In the bottom part of the web app, there are several tabs with other secondary content, spacing from plots, links, images to exportable tables.

Summary and metadata¶

In this tab, a schematic representation of the analysis workflow is shown. The sankey plot is used to display the relationships between the samples and their metadata. By hovering the mouse on a specific location it is possible to see the number of samples having that feature, for example the CD metadata and the Ileum metadata are present in 1,380 samples. Below, there is the full metadata table used to populate the Color by plus other info like, for example, the GSE link to the specific study on NCBI GEO. The table has native sorting and filtering (by exact match) interactivity options.

Differential analysis¶

This tab have two different sub-tabs:

DGE table
GO table

DGE table¶

In this tab, you can explore the differential gene expression or order/family/species abundance (depending on the Expression dropdown) results. Statistically significant features (see FDR for stringency details) are highlighted by colored rows; red for upregulated genes or overepresented orders/families/species, blue for downregulated genes or underrepresented orders/families/species in respect to the selected comparison (see Comparison). The table natively supports the sorting of columns values.

For each row in the table, there is a number of links to external resources:

NCBI Gene or NCBI Genome depending on the expression dropdown
Ensembl (only for Human expression dropdown)
GeneCards (only for Human expression dropdown)
IBD exome browser (only for Human expression dropdown)
GWAS Catalog (only for Human expression dropdown which have both Gene and Gene ID)
GTEx portal (only for Human expression dropdown which have both Gene and Gene ID)

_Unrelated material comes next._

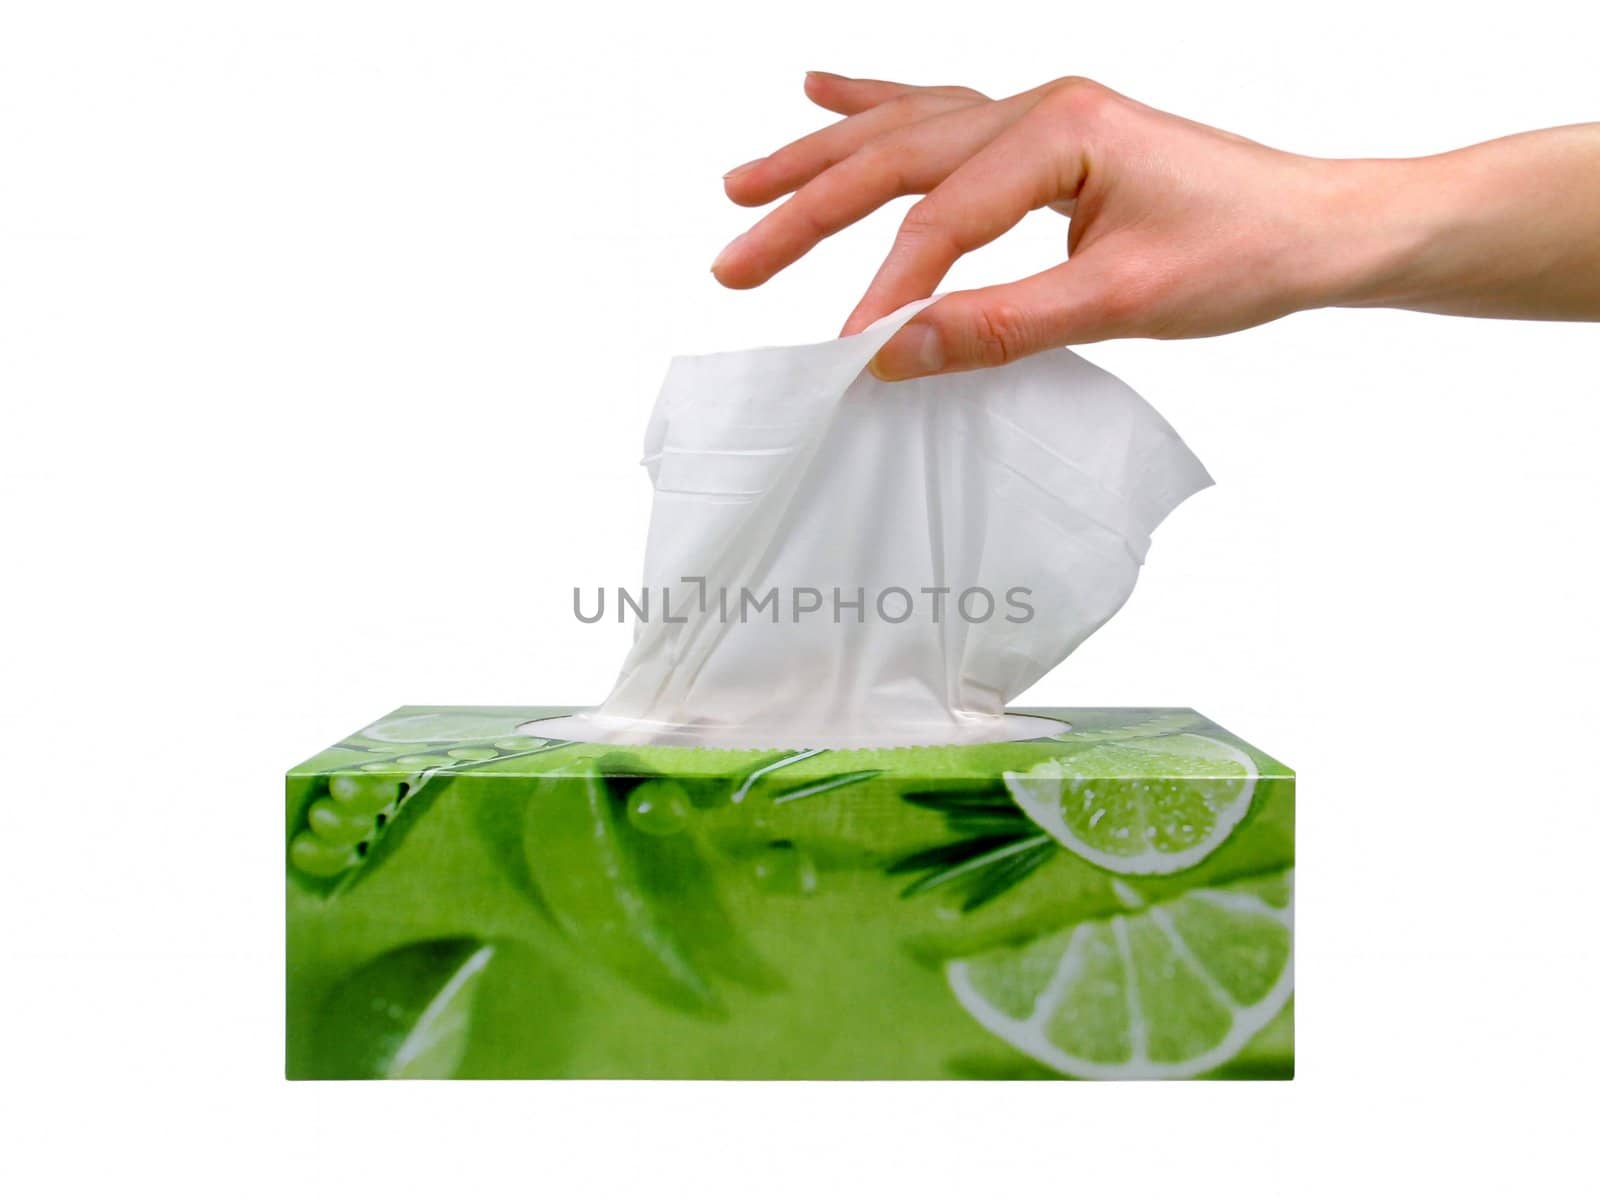 Delicate woman�s hand pulls a tissue from a green tissue box.

Since the table will have many entries (for Human transcriptome there will be more than 55,000 rows), you can filter this table by selecting mutiple elements in the dropdown, creating an additional table on top of the full table.

It is possible to easily download both the full and filtered tables by clicking on the respective download buttons.

Note

Similar to Differential expression/abundance visualization with MA plot, clicking on a Gene/Order/Family/Species cell in the table will change the selected element in the right dropdown (see Host gene/Order/Family/Species), thus updating all the relevant plots.

GO table¶

Here, the gene ontology functional enrichement analysis results are shown, for the selected comparison (see Comparison), with an FDR < 1e-10. As for genes in the DGE table, statistically significant GO categories are highlighted by colored rows, with red and blue rows representing up- or down-regulated biological processes, respectively. The table natively support sorting of columns values. Each GO ID is a link to the respective GO category within the AmiGO website.

As explained in the GO table, this table can be filtered using the GO plot keyword search bar: the GO categories plotted will be those displayed in the table. You can easily download both the full or the filtered table using the download buttons.

Insights¶

Here, we collected a series of previous scientific evidence that is validated in TaMMA and also new evidence found using TaMMA. These two categories are collected in two relative sub-tabs, “Old evidence from the literature confirmed by TaMMA” and “New evidence by TaMMA”. The plots here are not related to any of the dropdowns on the top of the website and are not interactive.

The data behind it¶

The complete list of raw data analyzed, with the associated metadata, can be fount in the Summary and metadata tab.

The result tables used for the plots are stored in GitHub.

NGS dark matter mentioned in the manuscript are stored in Harvard Dataverse

Report a bug, suggestions and feature requests¶

Found a bug or simple have a feature request to improve TaMMA? Please tell us here.

Future development¶

In the future, as new datasets will be published, we will update TaMMA by adding these as soon as possible. Also, in the future, metagenomic data will be integrated in the platform.